Election-year crime rhetoric doesn’t exactly match data
Published 2:02 pm Wednesday, October 9, 2024
Election-year crime rhetoric doesn’t exactly match data
By Sid Salter
Columnist
On the stump and in the presidential campaign ad wars, crime remains a hot topic
election-year rhetoric on crime doesn’t exactly match the numbers in federal crime data.
And to no one’s surprise, both Republican nominee Donald Trump and Democratic
nominee Kamala Harris have bent crime data numbers to fit their campaign narratives.
The most recent crime data from the Federal Bureau of Investigation shows that violent
crime and property crime dropped in the U.S. in 2023 after rising during the pandemic
years. The FBI’s latest national crime report shows murders and intentional
manslaughters were down 11.6 % while property crime was down 2.4%. Overall, the
FBI reports crime down 3%.
Stateline, the nation’s largest state-focused nonprofit news organization, reports in an
examination by criminal justice journalist Amanda Hernandez that the presidential
campaign reflects narrative from competing data sets.
Violent crime has become a major issue in the 2024 presidential race, with former
President Donald Trump claiming that crime has been “through the roof” under the
Biden administration.
Last week, Hernandez wrote: “On the campaign trail, Trump, the Republican
presidential nominee, has cited findings from a different source — the U.S. Bureau of
Justice Statistics’ National Crime Victimization Survey — to argue that crime is out of
control.
“While the FBI’s data reflects only crimes reported to the police, the victimization survey
is based on interviews conducted by the U.S. Census Bureau and includes both
reported and unreported crimes. Interviewees are asked whether they reported the
crime to the police. But the survey does not include murder data and only tracks crimes
against individuals aged 12 and older.
“The victimization survey, released in mid-September, shows that the violent crime
victimization rate rose from 16.4 per 1,000 people in 2020 to 22.5 per 1,000 in 2023.
The report also notes that the 2023 rate is statistically similar to the rate in 2019, when
Trump was in office.”
Trump’s crime narrative leans heavily on the Bureau of Justice data while the Harris
campaign leans on data from the FBI report. To complicate matters, both data sets are
considered dependable and accurate – but neither data set tells the whole story.
Harris, the former California district attorney and state attorney general, has framed her
stance on criminal justice as that of a “progressive prosecutor” who offers voters a
“smart on crime” agenda. She drew criticism from many in her party for failing to seek
the death penalty for a defendant in the murder of a police officer in 2004.
Less known was the Harris record on drug crime and truancy – including action against
parents who let their children skip or miss school – while a prosecutor. As vice
president, Harris has pushed police reform and programs to combat gun violence.

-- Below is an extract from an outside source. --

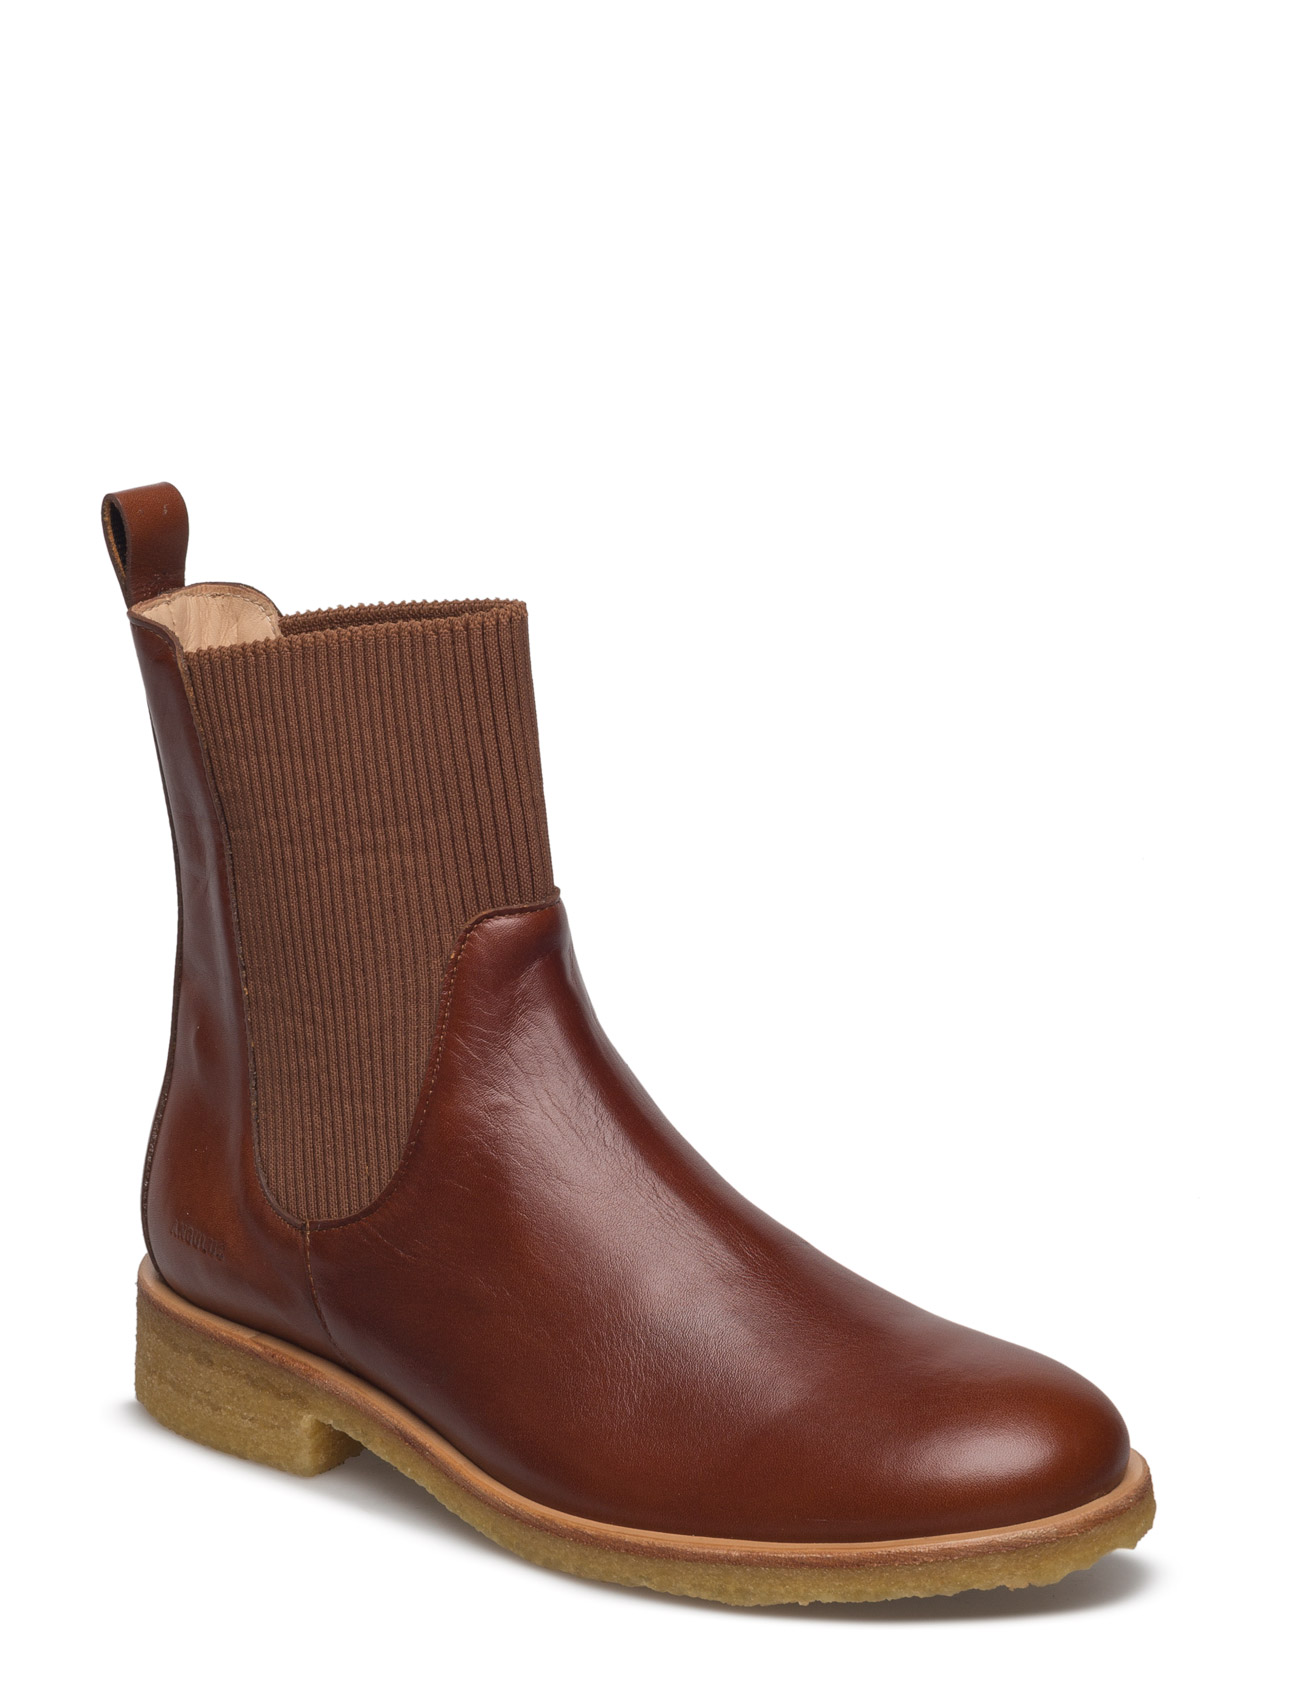 7317 ANGULUS Støvler til Damer i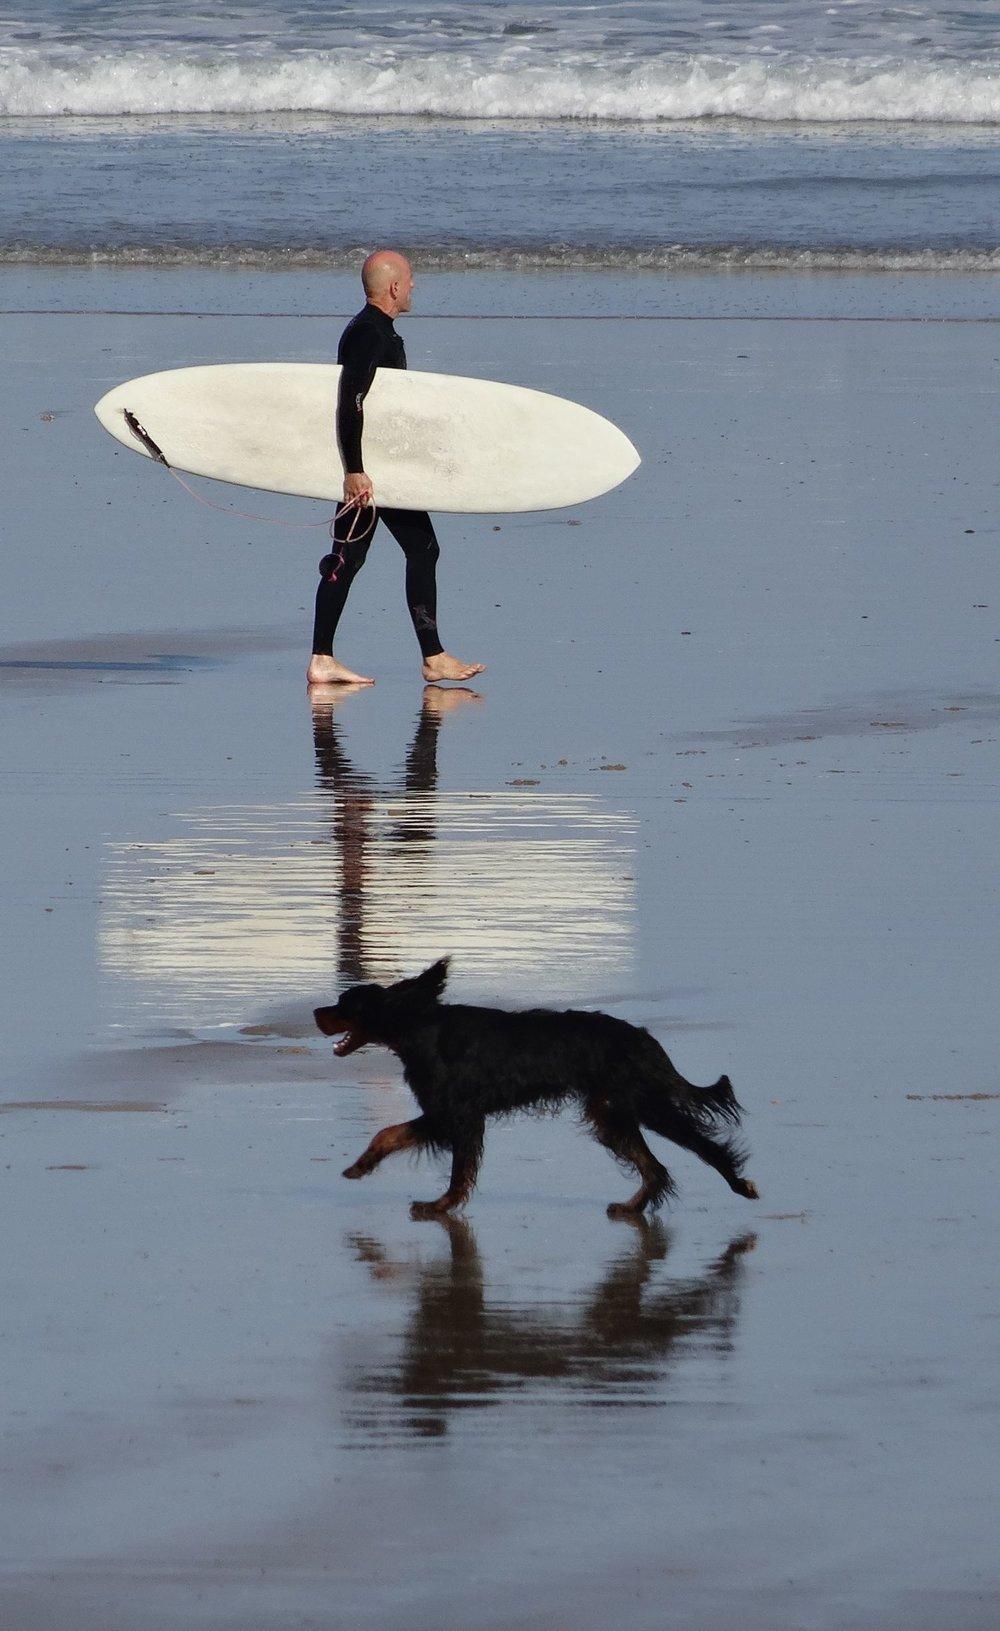 Basque coast | surfeur | a dog meets a surfer on the beach | Atlantic ocean |©sandrine cohen

As president, Trump held a “tough on crime” stance characterized by his tweets during
the 2020 protests in Minnesota in the wake of the death of George Floyd in which he
said, in part: “When the looting starts, the shooting starts.” The phrase was not original
to Trump. In 1967, Miami Police Chief Walter Headly invoked the same phrase during
public hearings on race riots in the Florida city.
Less known was Trump’s record on criminal justice reforms, including The First Step
Act, which saw 4,500 people released or who had their prison terms shortened since
Trump signed the significant criminal justice reform legislation into law in December of
2018. Republicans and many Democrats hailed it as landmark legislation.
Regardless the source of crime data, the nation perceives crime as a top-shelf issue. A
March Gallup poll showed that 79 % of Americans were concerned more about crime
than about the economy, illegal immigration or the environment.
For the record, the FBI report for Mississippi shows violent crime down in Mississippi
and below the national average in 2023.